Other considerations: (1) Among the gospels, only Mark uses the Malachi “prepare the way” quote. (2) Oddly, only Matthew and Luke align with Malachi’s fire imagery (Malachi 3:2, “For he (the “messenger”) is like a refiner’s fire…;” see Matthew 3:11-12, Luke 3:9, 17). (3) Only Matthew and Luke use JBap to proclaim a day of judgment by fire (4) All four gospels use the Isaiah quote. (5) All four use JBap as the one who “prepares” the people for “the one who is coming.” (6) Two gospels think of JBap as the return of Elijah, either implicitly (Mark 9:13) or explicitly (Matthew 17:13).

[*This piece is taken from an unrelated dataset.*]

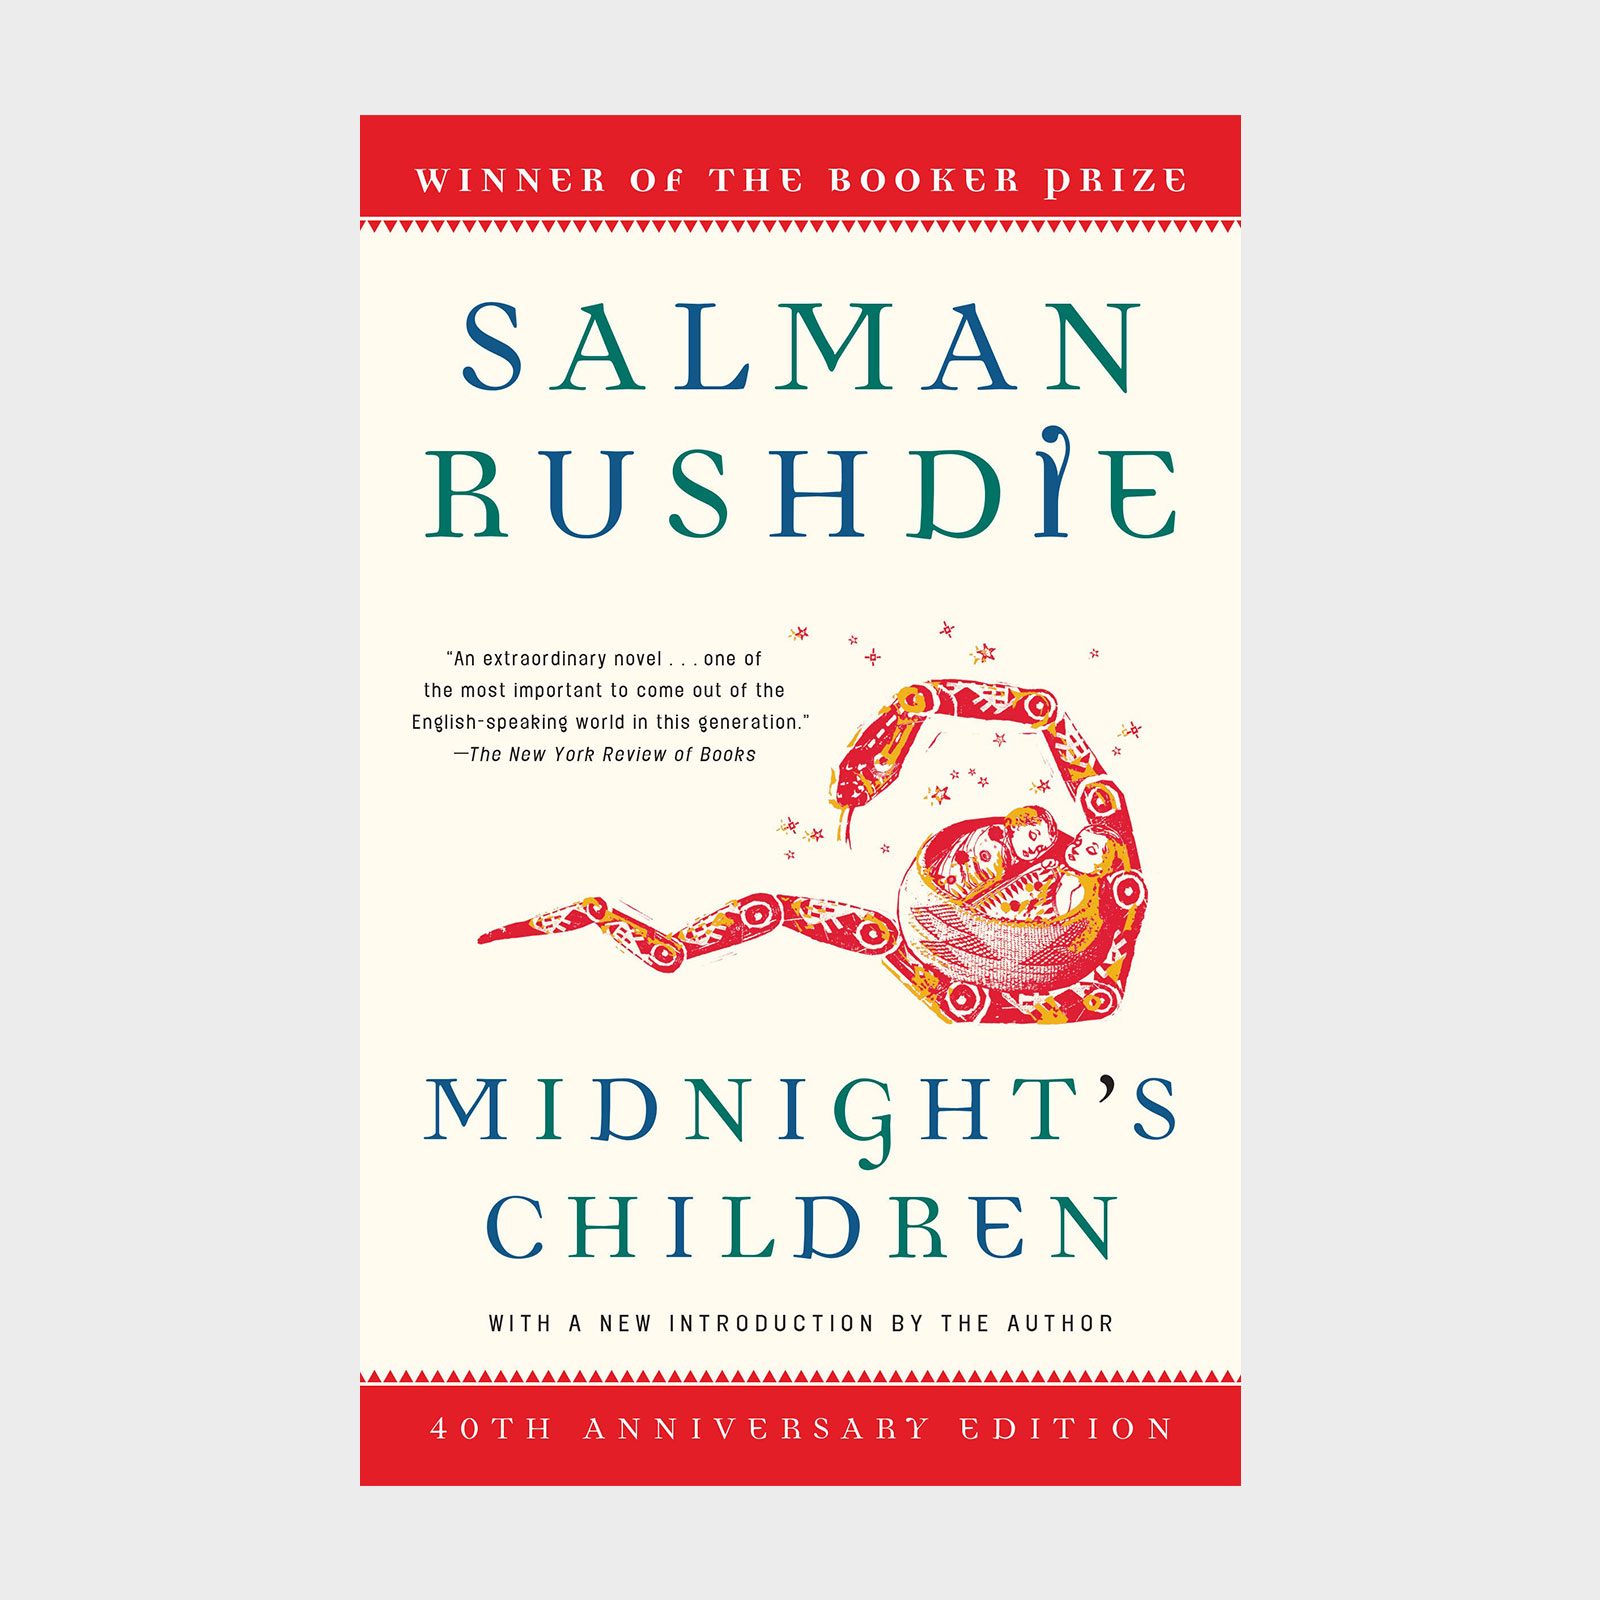 <p class="">Salman Rushdie counted <em>One Hundred Years of Solitude</em> as an inspiration for his multigenerational novel, which won him the Booker Prize in 1981, the year it was published. The book blends historical events, like the peaceful protest of Mahatma Gandhi, with magical elements and tells the post-colonial story of Saleem, who was born at the exact moment of India's independence (midnight) and who, along with a thousand other "midnight children," possesses special powers. When it comes to magical realism books, you're bound to find <a href="https://www.amazon.com/Midnights-Children-Modern-Library-Novels/dp/0812976533" rel="noopener noreferrer"><em>Midnight's Children</em></a> on any <a href="https://www.rd.com/list/book-recommendations/" rel="noopener noreferrer">book recommendations</a> list worth its salt.</p> <p class="listicle-page__cta-button-shop"><a class="shop-btn" href="https://www.amazon.com/Midnights-Children-Modern-Library-Novels/dp/0812976533">Shop Now</a></p>

And further: (7) The gospel writers only need ‘approximate description” in the Jewish scriptures to endorse them: (a) Mark changes the “I, my, me” of Malachi to “I, my, you, your;” (b) Matthew and Luke change the image of a purifying fire in Malachi to a destruction image of trees thrown into an unquenchable fire; (c) Curiously, in Malachi “the messenger” has the “fire” purification function of the “coming day,” and Elijah (John the Baptist) acts as the savior mediator “uniting the hearts of parents and children” (4:6) to ward off God’s wrath. To be true to Malachi, Matthew and Luke would need to give JBap the messenger’s function and Jesus Elijah’s function. (d) And all four are telling the story of the human being Jesus but don’t mind using a passage which literally equates Jesus with YHWH.
So historical plausibly seems to rest, in this explanation, on three criterion: (1) Total gospel agreement: (a) A country preacher/ baptizer “prepared” for “one to come.” (b) The preparer was not the Elijah “type” in Malachi who unites the hearts of parents and children. (2) Substitution for a clear and obvious choice (which would be [b]): Matthew and Luke instead give the preparer a message which includes judgment fire imagery. (3) Total story consistency: “preparation of the way of the Lord” = John setting an example for Jesus of giving folks direct access to deity without resort to temple practices, cf. Mark 11:27-33 and //s. (contra Ehrman’s inferior “forerunner” image which accepts a severely refracted (bent) memory of “preparer” found in the gospels: Mark 1:7, Matt 3:11, Luke 3:16, John 1:27, “not worthy to untie his sandals.”).